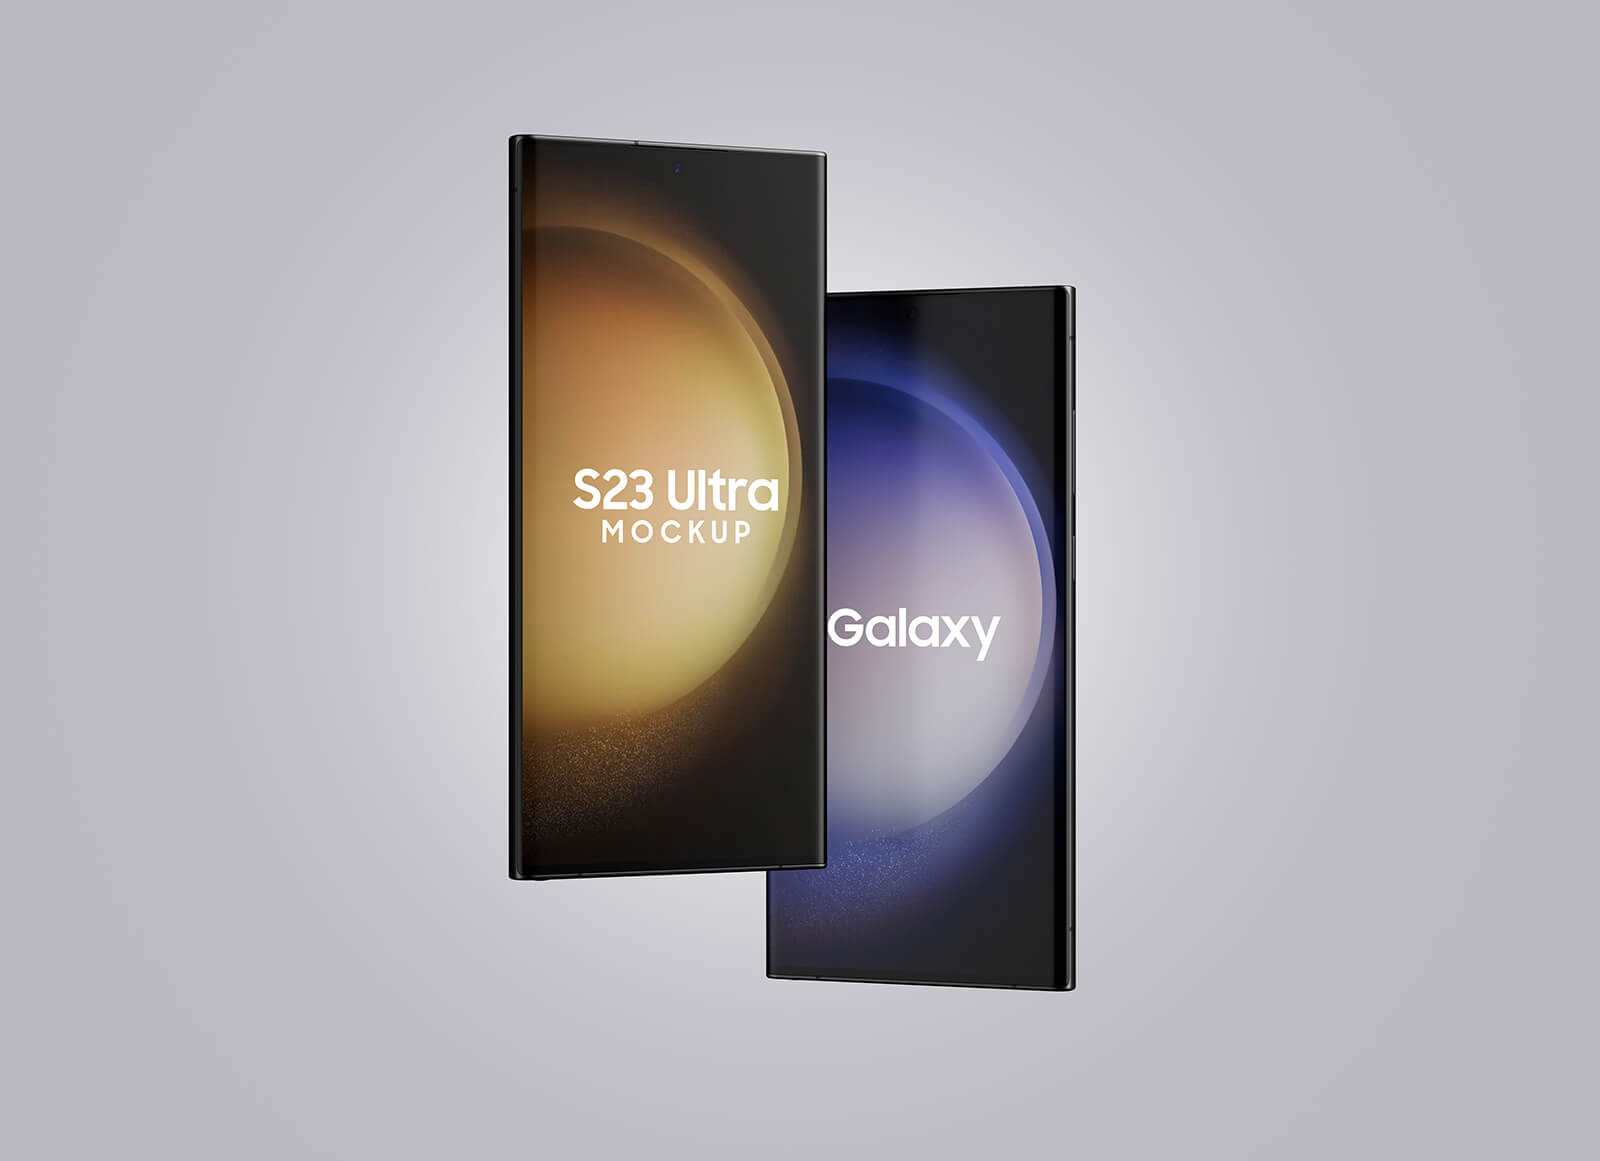 Schwimmendes Samsung Galaxy S23 Ultra Mockup
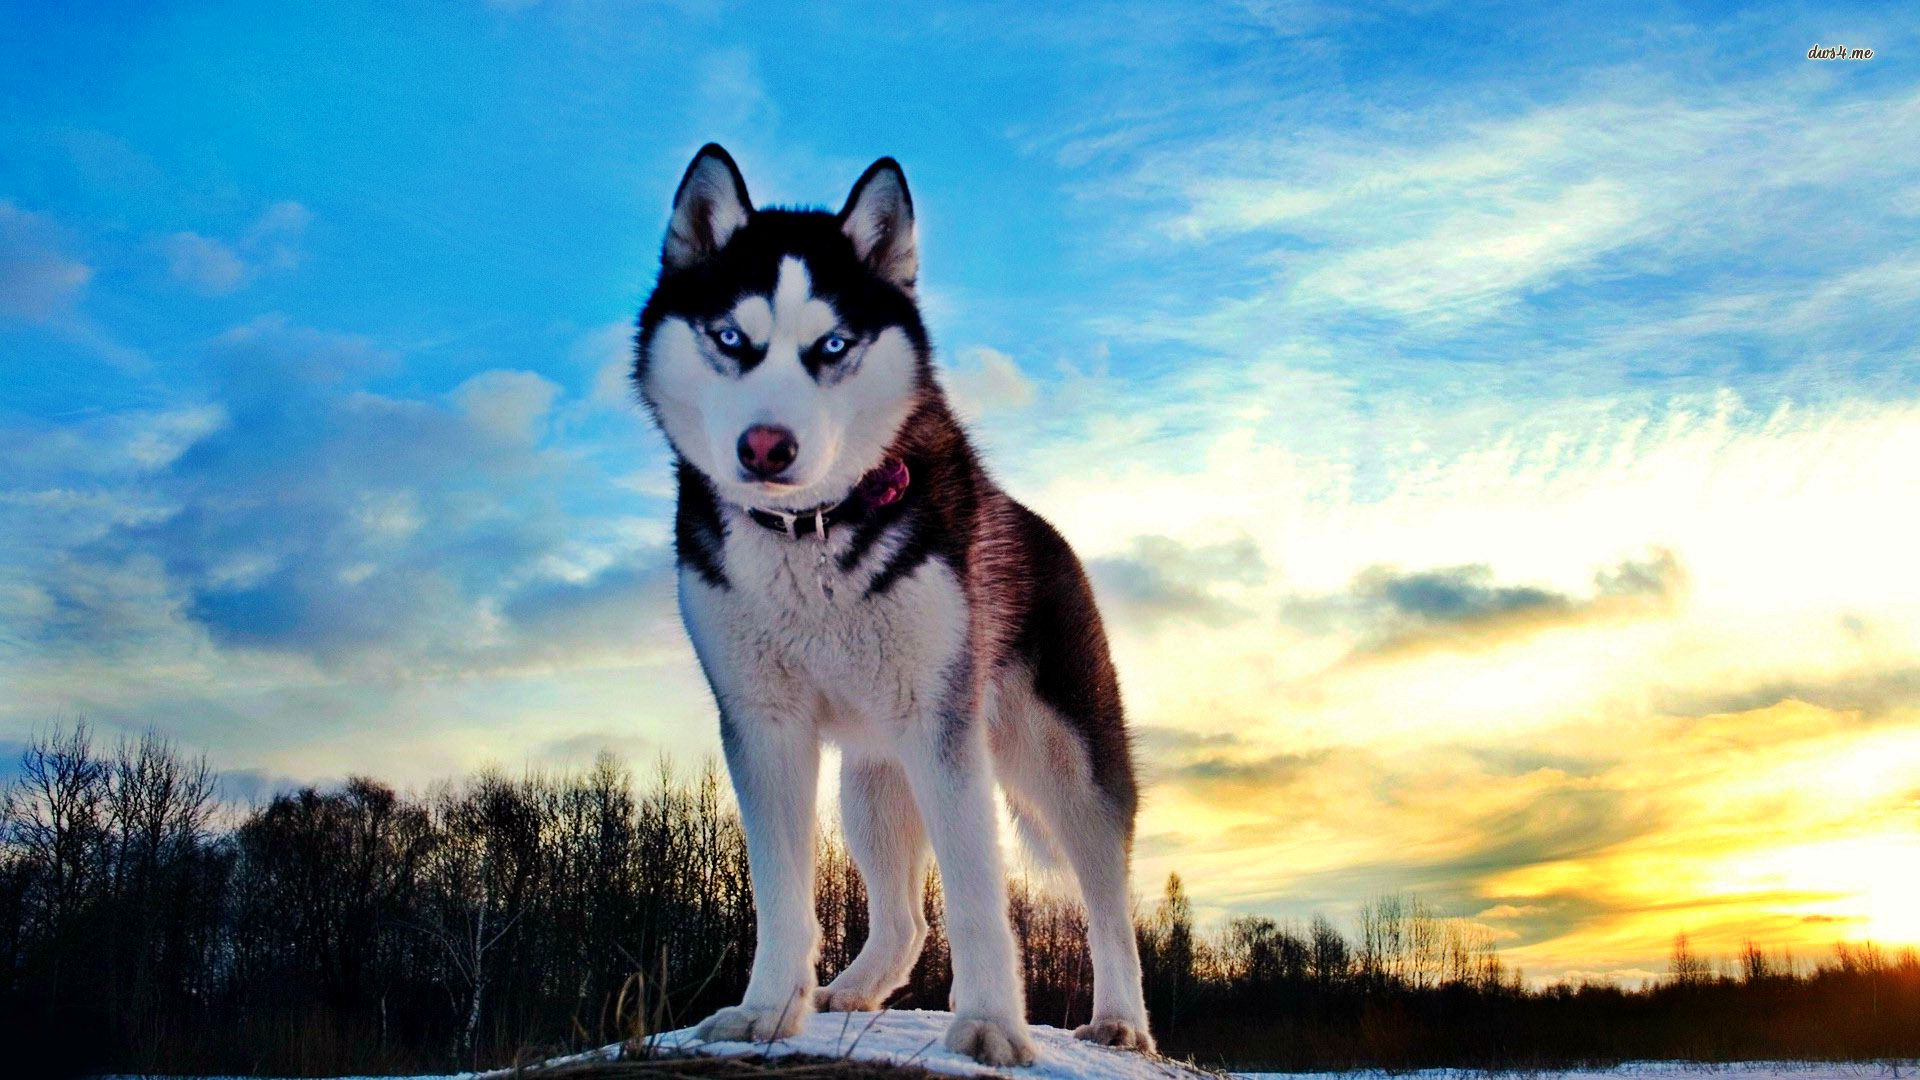 sfondi per cani fantastici,husky siberiano,cane,sakhalin husky,alaskan malamute,cane eschimese canadese
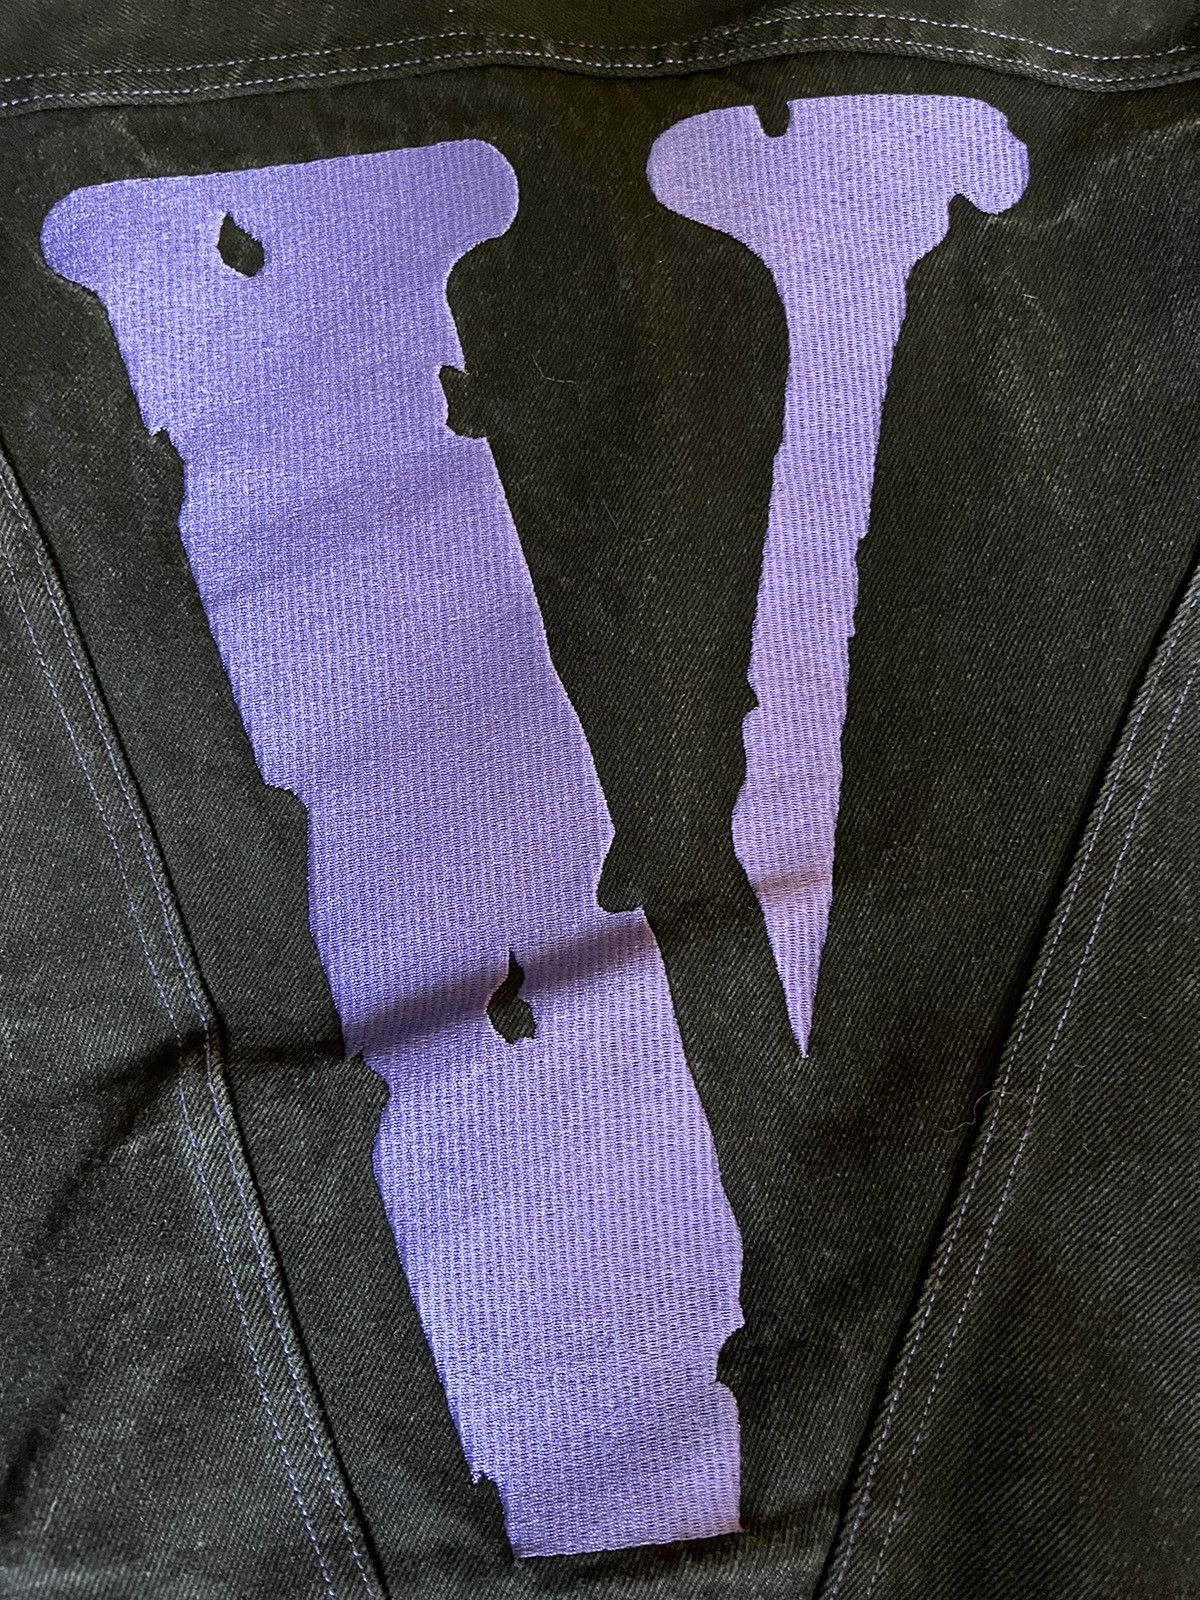 Vlone Vlone friends jacket black/purple 2018 Size US XL / EU 56 / 4 - 4 Thumbnail
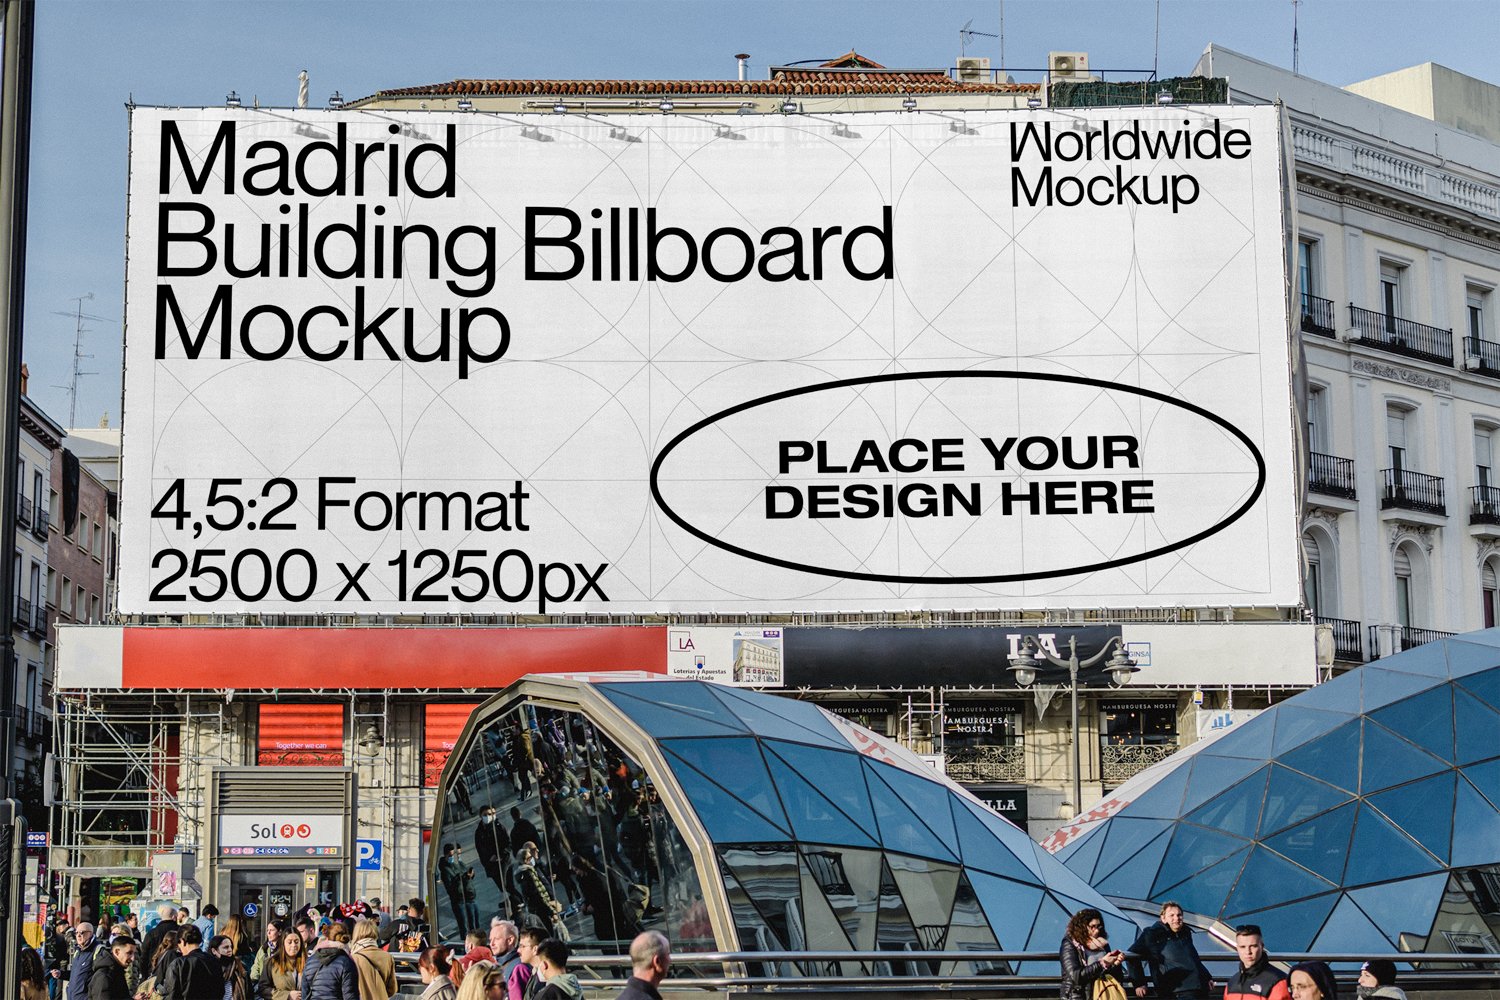 Madrid Urban Billboard Mockup cover image.

WHAT YOU NEED TO DO
Leave the pictures out and reproduce exactly the lines from the line with "Vlone Vlone friends" to the end of the material above.

SOLUTION
 Vlone Vlone friends jacket black/purple 2018 Size US XL / EU 56 / 4 - 4 Thumbnail
 Madrid Urban Billboard Mockup cover image.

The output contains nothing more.